I circumambulated a total of twelve times, not stopping till it was about seven in the evening and merchants had begun to take down their merchandise from the booths. I truly did not expect a demonstration to take place and therefore decided I had seen enough. I assumed that the rest of the evening would look much the same: the police and soldiers would continue their power-tripping nonsense, while the crowd would merely gawk and keep walking rather than protest or riot.

2
Today is the day after Tibet Uprising Day, and I have returned to Kathmandu, where the power is of course out; if the power were more reliable, I would go to the Cybercafé, type up my eyewitness account, and e-mail it to the International Campaign for Tibet and anyone else. Under the circumstances, I shall have to wait a few days, till I have returned to the United States.

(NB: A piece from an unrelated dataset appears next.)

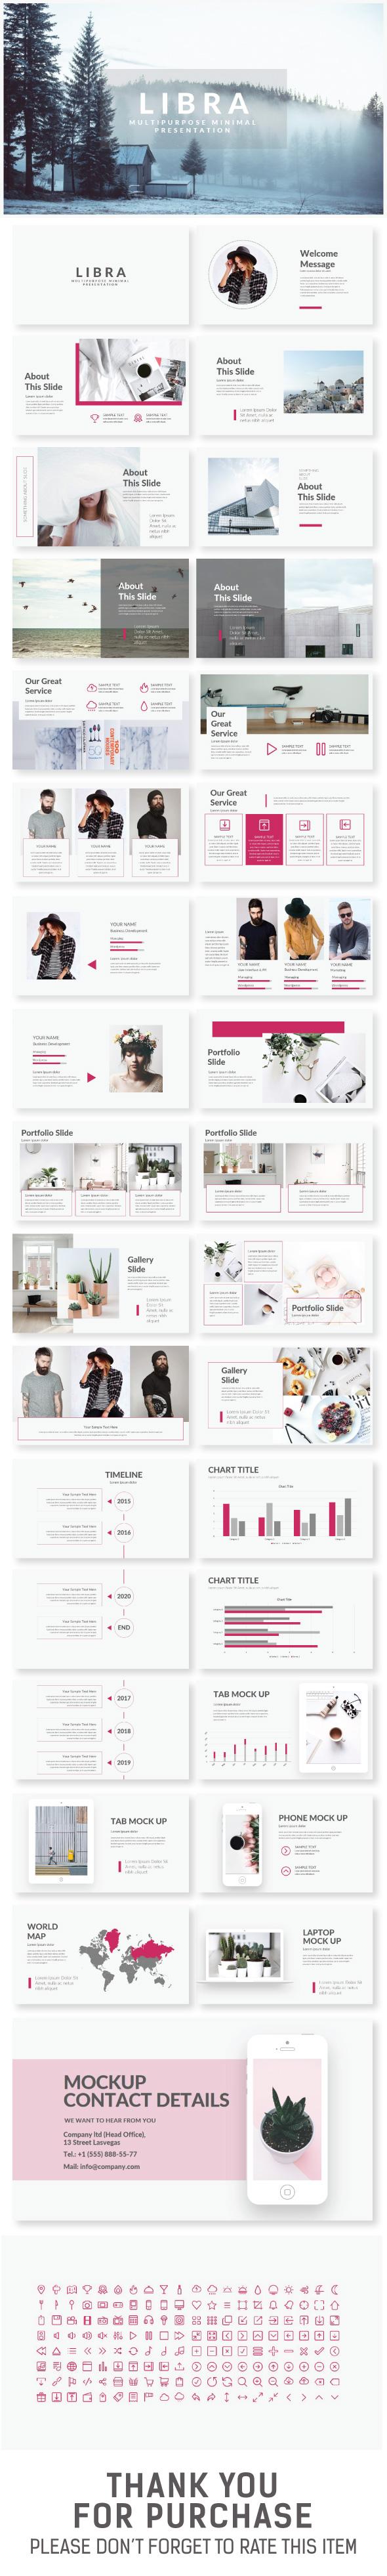 Libra Presentation Template - Creative PowerPoint Templates

In the morning, I was in the jeep with the driver and my tour guide on the way to the airport. Along the main drag, Beijing Road, we saw many green military trucks and green-clad soldiers, some still wearing riot gear helmets. The guide told me that monks at Drepung Monastery (which we had wandered around earlier in the week) fought with the military, and laymen joined in. The same thing happened at the Jokhang, perhaps only shortly after I left the Barkhor. I said, “I left the Jokhang around seven.” My guide also said that Drepung is now closed to tourists. On the outskirts of Lhasa, a military convoy was coming out of a base and we passed some of the vehicles; I counted at least nine trucks.

At the airport, a friendly guy in a uniform was stamping my passport and asked, “Was this your first visit to China?” I found the question startling, since I wasn’t in China, but I didn’t see any point in arguing and replied in the affirmative. He then asked, “Did you enjoy your first visit to China?”

I said, “Yes, it’s gorgeous! Maybe next time I’ll learn the language first.” I felt slightly ashamed of not arguing, of not righteously correcting him by pointing out that I haven’t visited China yet. But I do not like confrontation and did not know how to articulate such words. I had to be content with writing my eyewitness account and sending it to the media and to such organizations as the International Campaign for Tibet. It was a small bit of activism, but it was much more useful than arguing at the airport.